ВОССТАНОВЛЕНИЕ ПОРЯДКА. РЕЙХСТАГ И ПАЛАТА

Правительства Пруссии и Австрии использовали первые месяцы 1849 г., чтобы пожать плоды успехов, достигнутых в октябре и ноябре 1848 года. Со времени взятия Вены австрийский рейхстаг вел чисто номинальное существование в маленьком провинциальном моравском городке Кремзире {Чешское название: Кромержиж. Ред.}. Там славянские депутаты, являвшиеся вместе с теми, кто их делегировал, главным орудием австрийского правительства, с помощью которого оно смогло выбраться из состояния полной беспомощности, были своеобразно наказаны за свою измену европейской революции. Как только правительство восстановило свою силу, оно стало проявлять величайшее презрение к рейхстагу и его славянскому большинству, а когда первые успехи императорского оружия возвестили о скором окончании венгерской войны, правительство 4 марта распустило рейхстаг и разогнало депутатов с помощью военной силы.
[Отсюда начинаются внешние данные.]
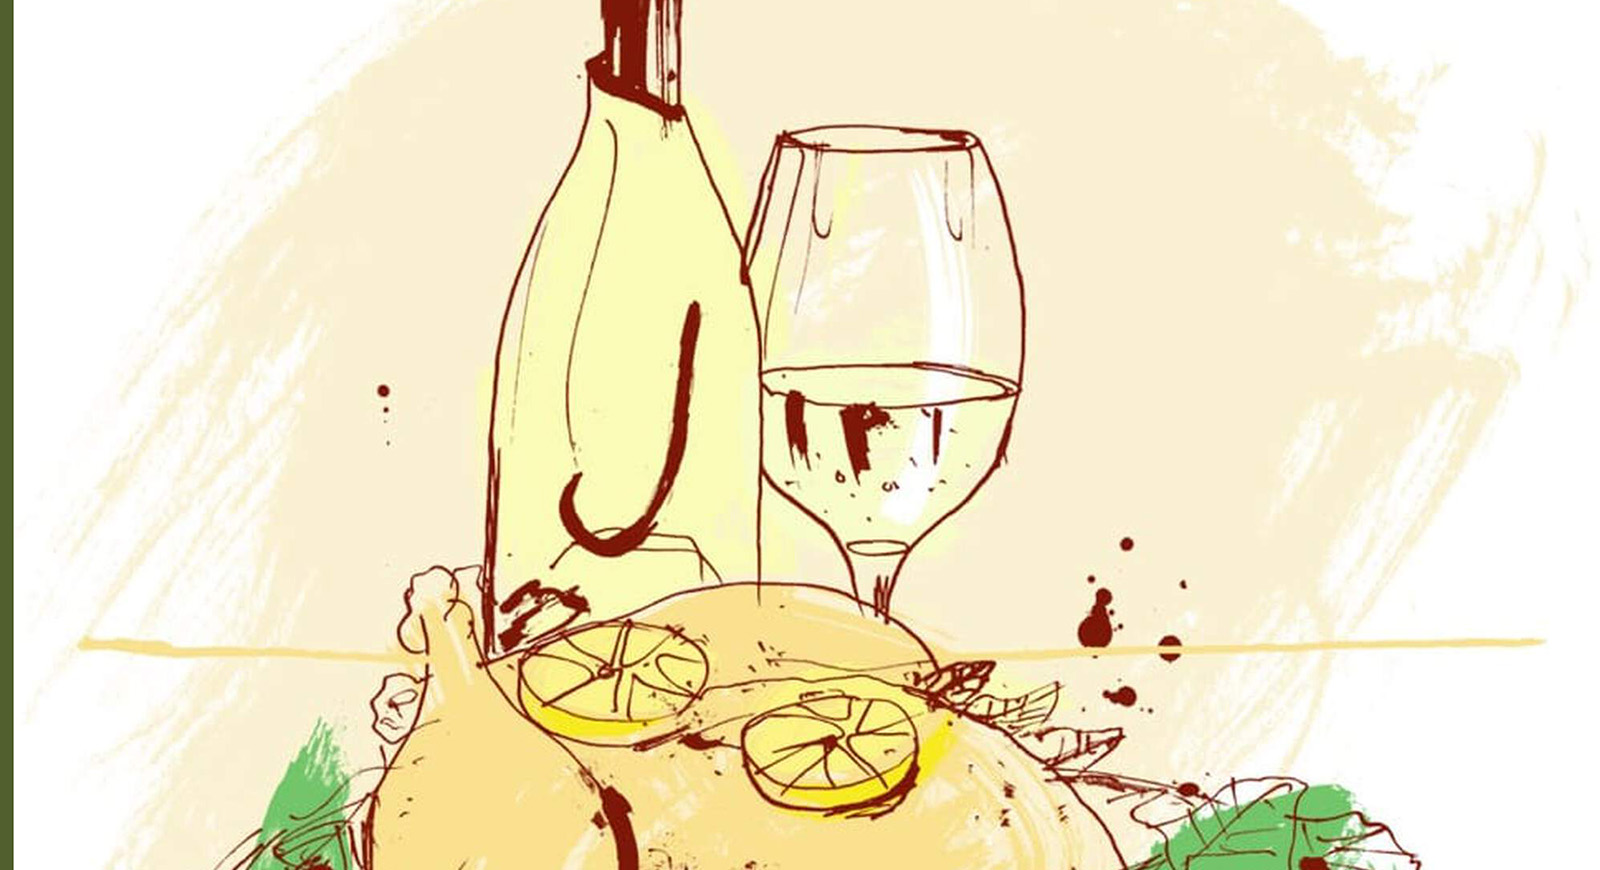 Sketch of a roast chicken with a bottle of red wine on a table
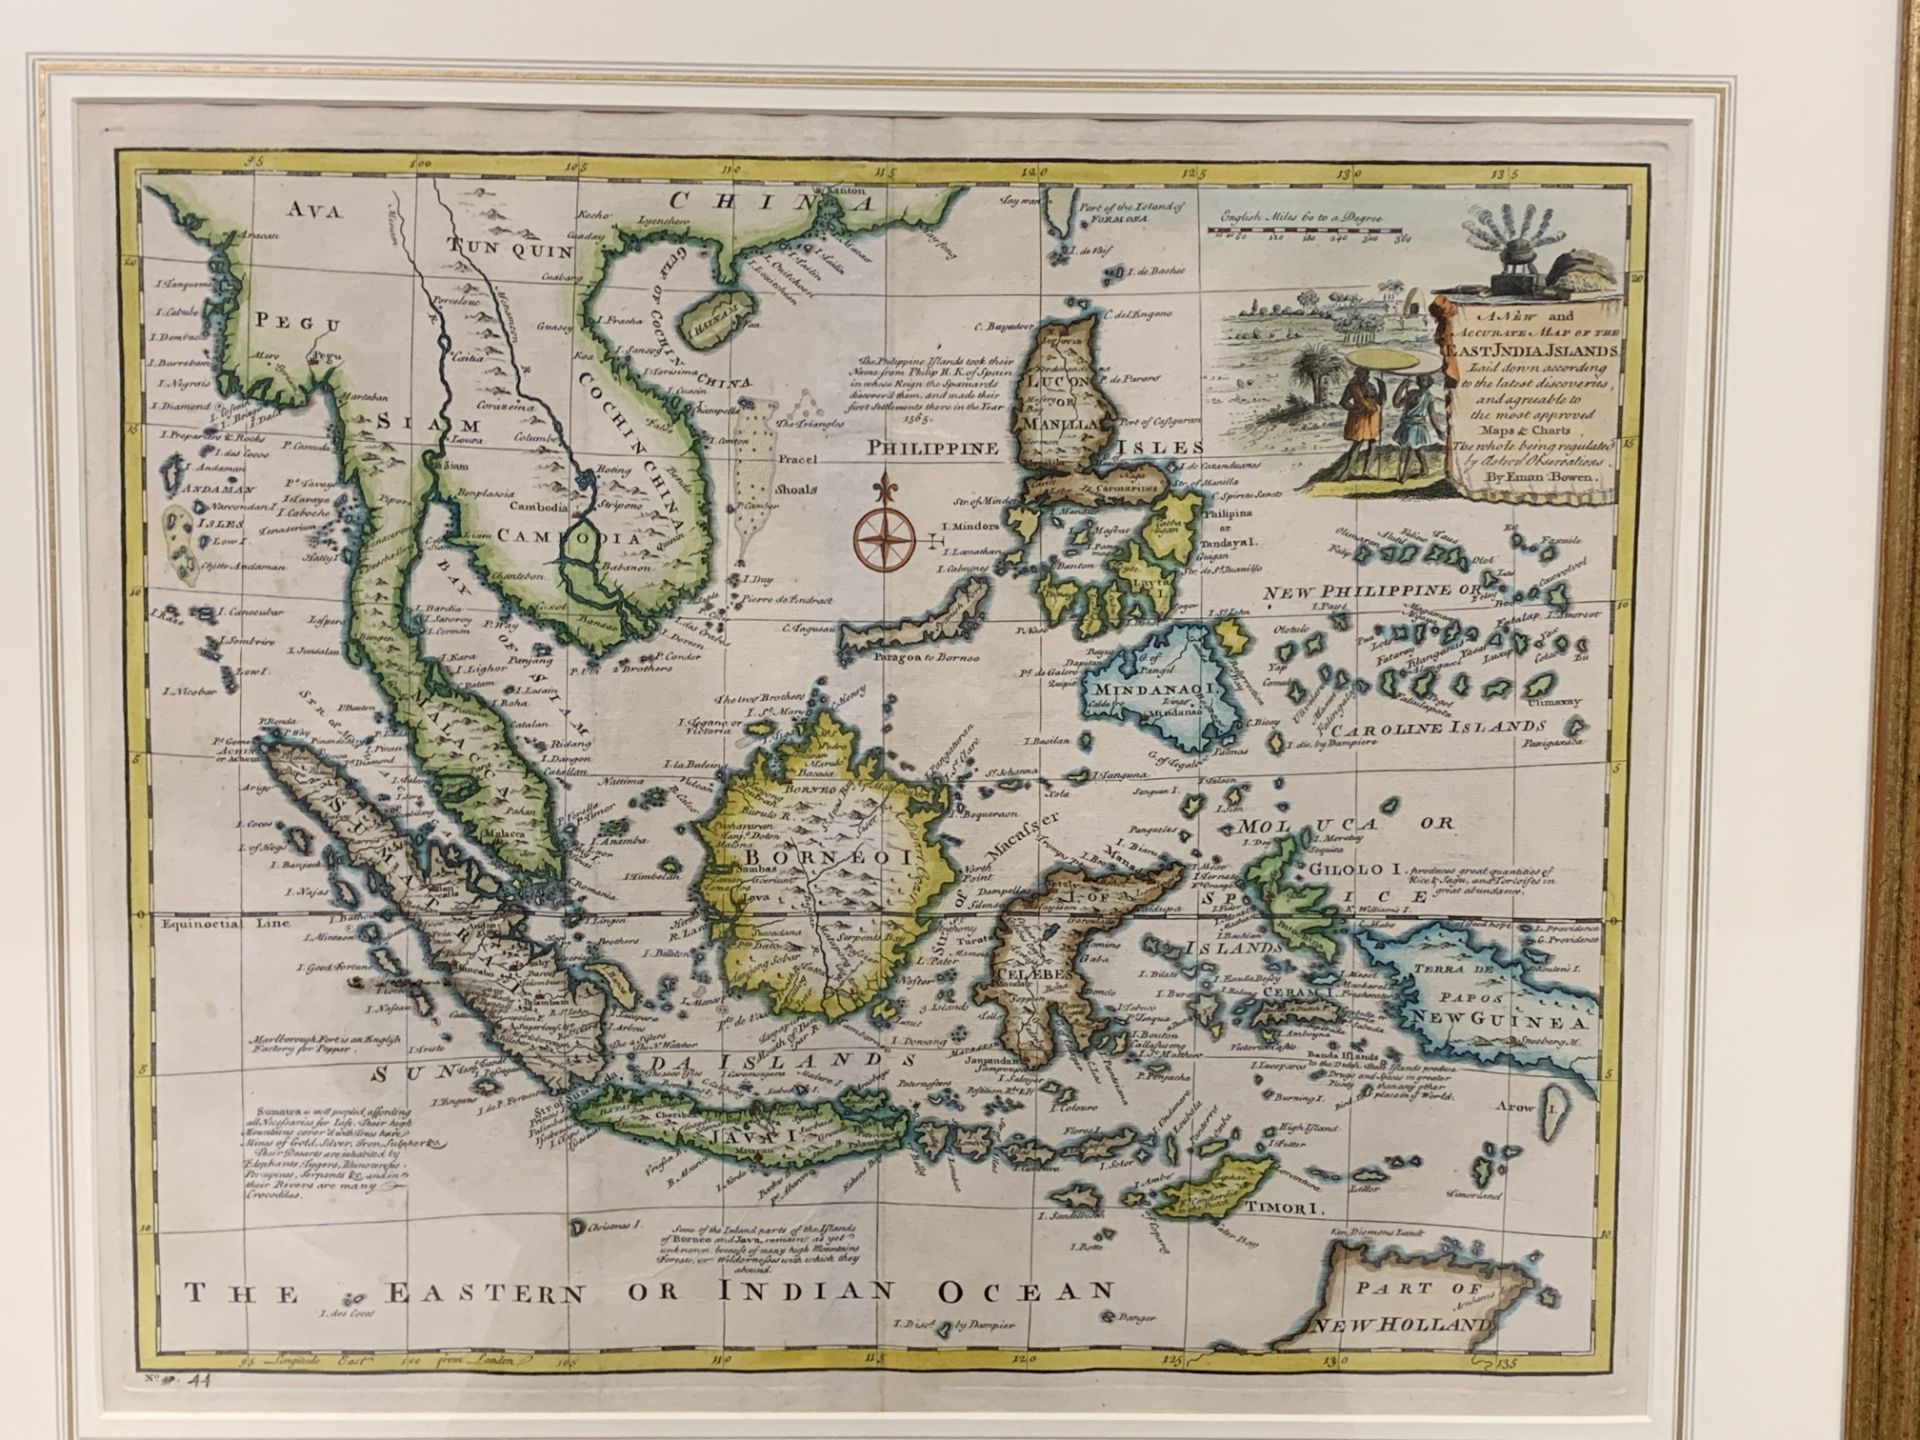 Framed and glazed hand coloured map of the East India Islands

Тут только славяне, увидев, наконец, что их одурачили, провозгласили: «Двинемся во Франкфурт и будем продолжать там дело оппозиции, которая здесь стала для нас невозможной!». Но было слишком поздно, и уже тот факт, что у них не нашлось иного выбора, как либо сохранять спокойствие, либо же присоединиться к бессильному Франкфуртскому собранию, — уже один этот факт достаточно показывает их крайнюю беспомощность.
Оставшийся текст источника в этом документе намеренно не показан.